> _EXERCISE OBJECTIVE_
Repeat each entry in the data, exactly.

[Dataset items]
****
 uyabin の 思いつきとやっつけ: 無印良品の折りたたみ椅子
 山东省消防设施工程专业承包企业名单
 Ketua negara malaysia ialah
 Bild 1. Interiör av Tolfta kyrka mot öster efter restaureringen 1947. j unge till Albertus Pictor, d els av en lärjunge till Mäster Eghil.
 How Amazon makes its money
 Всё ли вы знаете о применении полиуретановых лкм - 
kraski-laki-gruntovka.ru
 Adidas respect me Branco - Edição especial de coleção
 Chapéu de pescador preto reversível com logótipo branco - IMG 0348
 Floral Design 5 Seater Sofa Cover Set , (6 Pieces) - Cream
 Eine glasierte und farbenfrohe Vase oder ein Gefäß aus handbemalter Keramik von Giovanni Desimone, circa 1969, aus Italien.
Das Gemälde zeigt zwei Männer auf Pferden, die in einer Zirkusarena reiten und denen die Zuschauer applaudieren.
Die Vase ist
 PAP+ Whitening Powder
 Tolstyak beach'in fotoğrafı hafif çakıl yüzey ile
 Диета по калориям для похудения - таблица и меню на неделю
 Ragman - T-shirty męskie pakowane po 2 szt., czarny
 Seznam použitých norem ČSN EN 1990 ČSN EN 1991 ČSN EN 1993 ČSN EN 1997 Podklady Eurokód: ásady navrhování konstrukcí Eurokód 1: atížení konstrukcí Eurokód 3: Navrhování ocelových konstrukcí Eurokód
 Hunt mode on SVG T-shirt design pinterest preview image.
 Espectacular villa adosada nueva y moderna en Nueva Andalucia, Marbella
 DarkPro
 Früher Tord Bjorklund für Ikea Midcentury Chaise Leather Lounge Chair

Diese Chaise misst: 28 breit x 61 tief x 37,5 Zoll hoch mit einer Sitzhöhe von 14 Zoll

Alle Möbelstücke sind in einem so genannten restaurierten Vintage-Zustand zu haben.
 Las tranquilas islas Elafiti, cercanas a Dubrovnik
****
> _SOLUTION TO THE EXERCISE_
 uyabin の 思いつきとやっつけ: 無印良品の折りたたみ椅子
 山东省消防设施工程专业承包企业名单
 Ketua negara malaysia ialah
 Bild 1. Interiör av Tolfta kyrka mot öster efter restaureringen 1947. j unge till Albertus Pictor, d els av en lärjunge till Mäster Eghil.
 How Amazon makes its money
 Всё ли вы знаете о применении полиуретановых лкм - 
kraski-laki-gruntovka.ru
 Adidas respect me Branco - Edição especial de coleção
 Chapéu de pescador preto reversível com logótipo branco - IMG 0348
 Floral Design 5 Seater Sofa Cover Set , (6 Pieces) - Cream
 Eine glasierte und farbenfrohe Vase oder ein Gefäß aus handbemalter Keramik von Giovanni Desimone, circa 1969, aus Italien.
Das Gemälde zeigt zwei Männer auf Pferden, die in einer Zirkusarena reiten und denen die Zuschauer applaudieren.
Die Vase ist
 PAP+ Whitening Powder
 Tolstyak beach'in fotoğrafı hafif çakıl yüzey ile
 Диета по калориям для похудения - таблица и меню на неделю
 Ragman - T-shirty męskie pakowane po 2 szt., czarny
 Seznam použitých norem ČSN EN 1990 ČSN EN 1991 ČSN EN 1993 ČSN EN 1997 Podklady Eurokód: ásady navrhování konstrukcí Eurokód 1: atížení konstrukcí Eurokód 3: Navrhování ocelových konstrukcí Eurokód
 Hunt mode on SVG T-shirt design pinterest preview image.
 Espectacular villa adosada nueva y moderna en Nueva Andalucia, Marbella
 DarkPro
 Früher Tord Bjorklund für Ikea Midcentury Chaise Leather Lounge Chair

Diese Chaise misst: 28 breit x 61 tief x 37,5 Zoll hoch mit einer Sitzhöhe von 14 Zoll

Alle Möbelstücke sind in einem so genannten restaurierten Vintage-Zustand zu haben.
 Las tranquilas islas Elafiti, cercanas a Dubrovnik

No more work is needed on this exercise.